Evidence of a Crime

2025-01-28 Fiction
I wrote this story for Strange Horizons' Stop Surveillance Copaganda contest associated with RightsCon25. It didn't get selected, but I'm still happy enough with how it came out to post it.

Johann sat on his couch aware, not for the first time but with a finality he had managed to evade until that night, that he was a bad cop. Not an unethical one: people with a tendency to abuse power avoided jobs with so little of it to take advantage of. He didn't know why and he didn't think it was his fault. But most of a cop's job consisted of talking with people — to help work out something, to get their help figuring out something, or to build the trust that would make either thing possible when needed — and there was only so many years you could spend in that life before you realized you were bad a it.

It was lucky that the rest of his team was good enough to compensate. The rapid-response psychologist would probably be promoted pretty soon, and Johann wanted to but couldn't think it unfair. Couldn't feel good about it either.

Johann turned on his TV and browsed through the list of movies, not yet distracted enough to eat or sleep. There was an old comedy he had bought many years and a couple of TV sets ago that he had kept not watching because he knew it would remind him of his Academy years. Perhaps it was time to revisit them. Maybe reconsider.

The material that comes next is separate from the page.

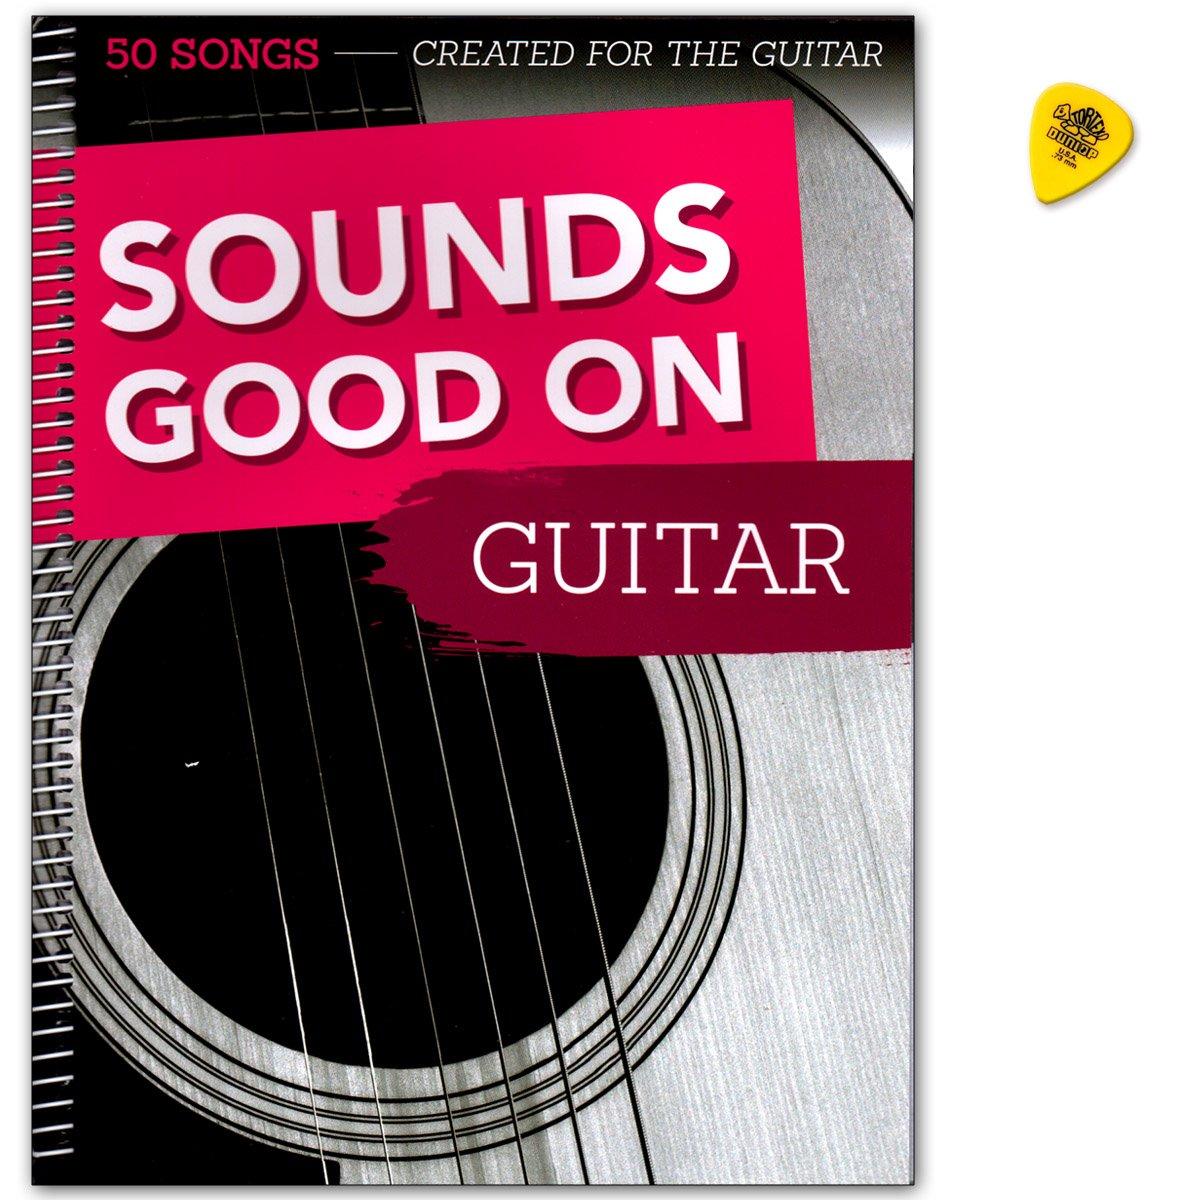 Sounds Good on Guitar: 50 Canciones crea Ted for the Guitar – Songbook en ligero hasta mittelschweren Arrangements – con Dunlop Púa: Amazon.es: Instrumentos musicales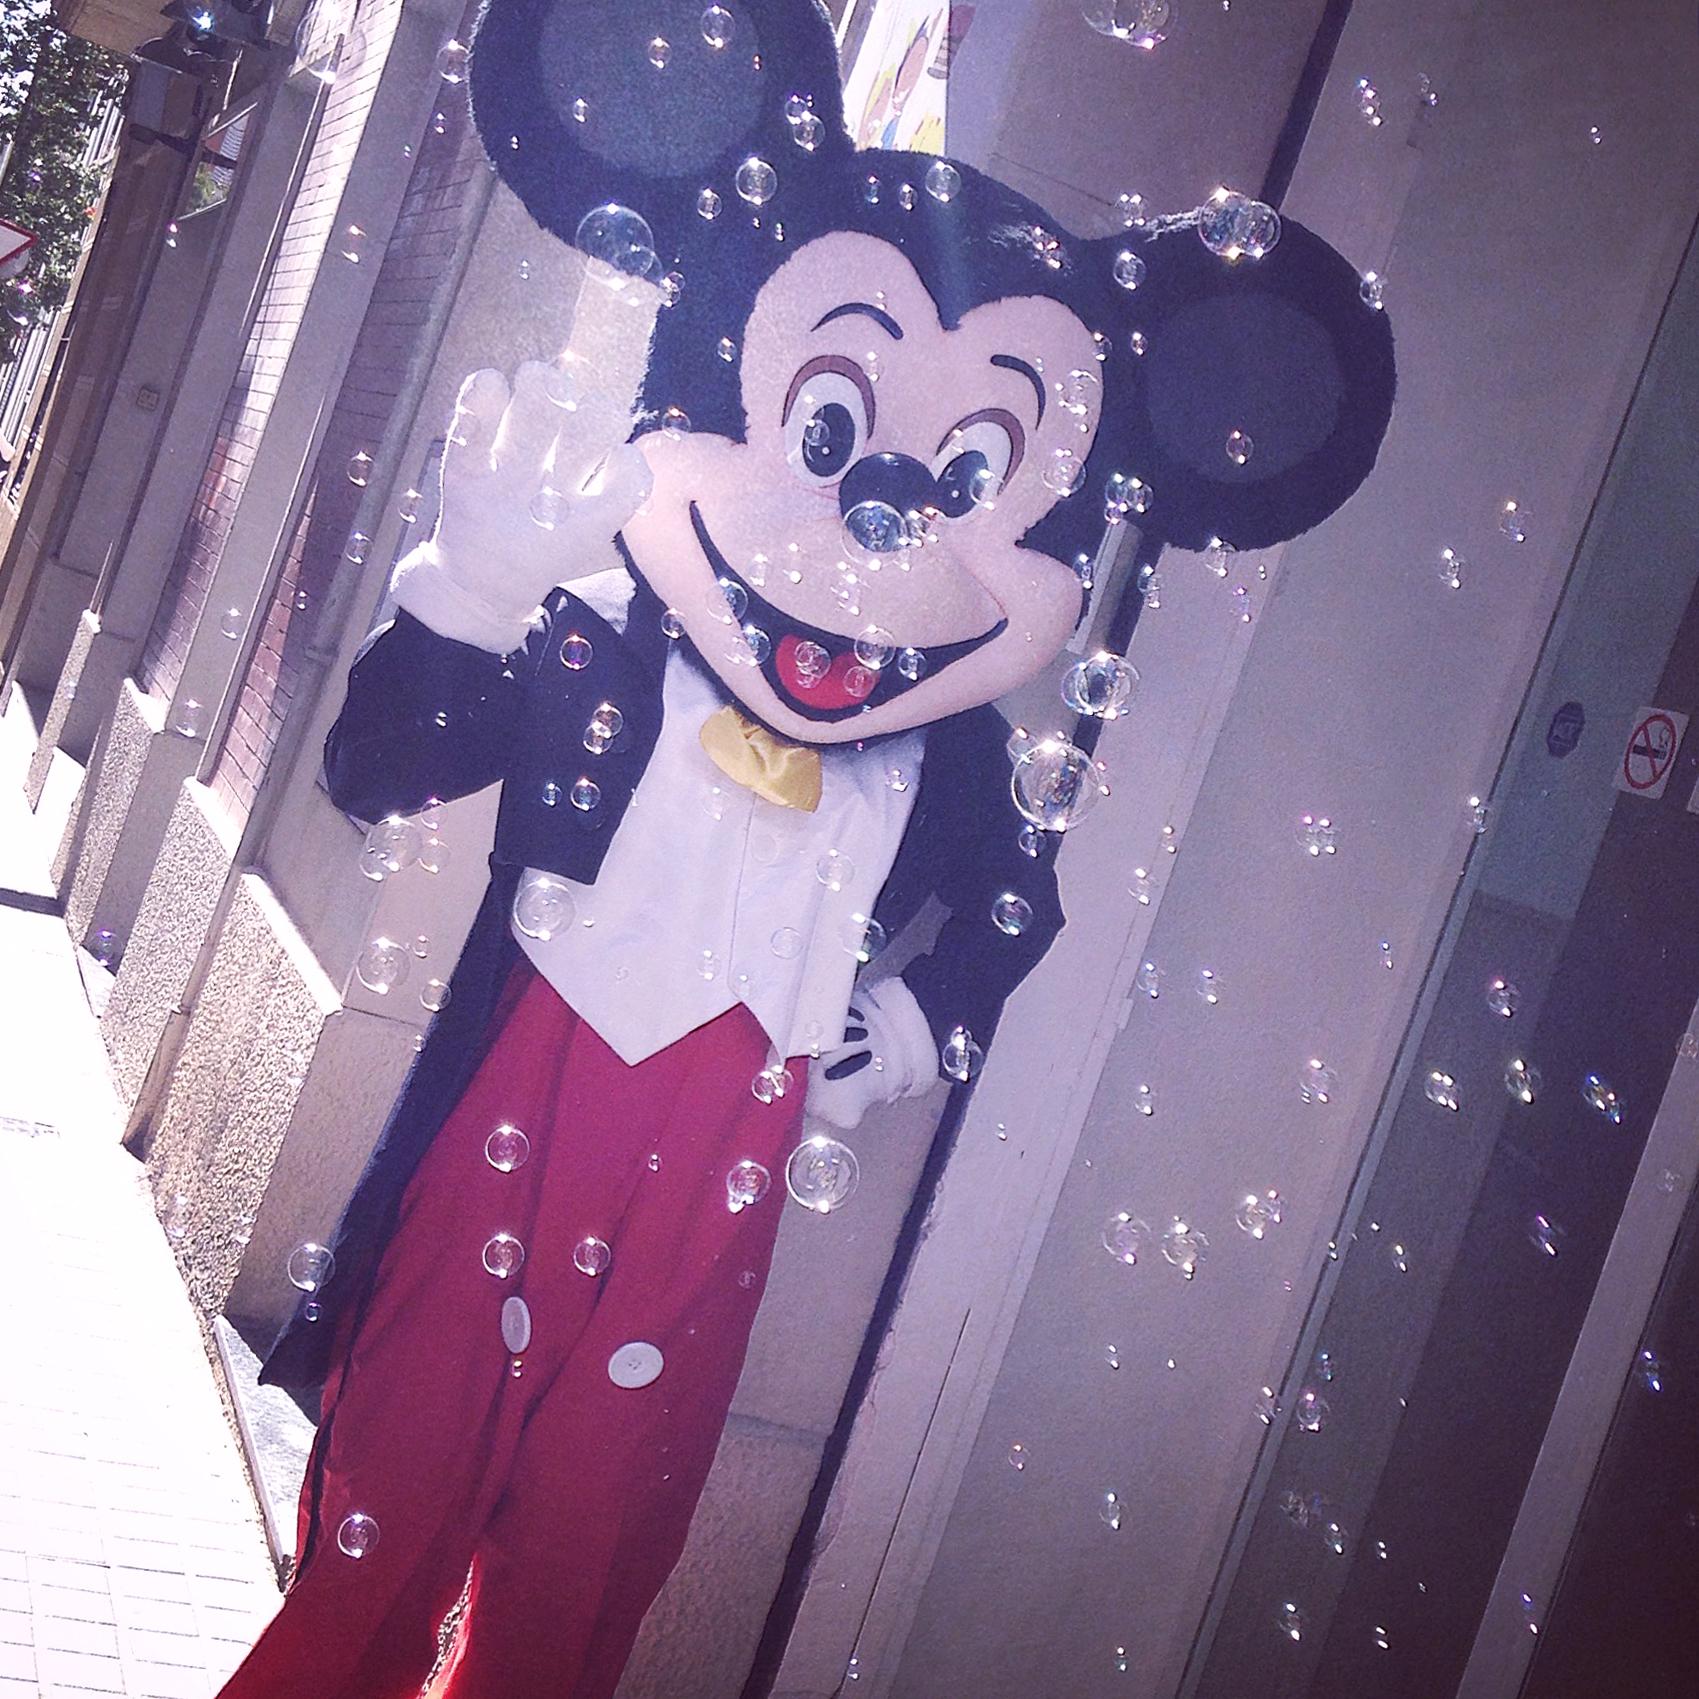 MickeyMouse_BABYfun

His phone chimed with an anonymous message notification. Almost certainly a prank — anonymity was very tempting to kids of a certain age — but even a bad cop could be a conscientious one.

Johann opened the message. As pranks went it was a deeply surreal one. Nothing but a video from a front door camera. It took almost half a minute before he parsed the absurd timestamp. It was a live feed. Why would somebody send him a live camera feed of their porch?

The image blinked. For a few dozen milliseconds some part of Johann's brain expected the message to just disappear like the mirage it surely had been.

A different feed returned. It was a living room as seen through a pet camera similar to the one Johann's brother had bought last year. His brother had authorized Johann' phone to connect to keep an eye on his cat while he was in a different time zone. Nobody had authorized him to access this one and he realized with a sudden knot in his stomach that nobody had authorized whoever had sent the message either.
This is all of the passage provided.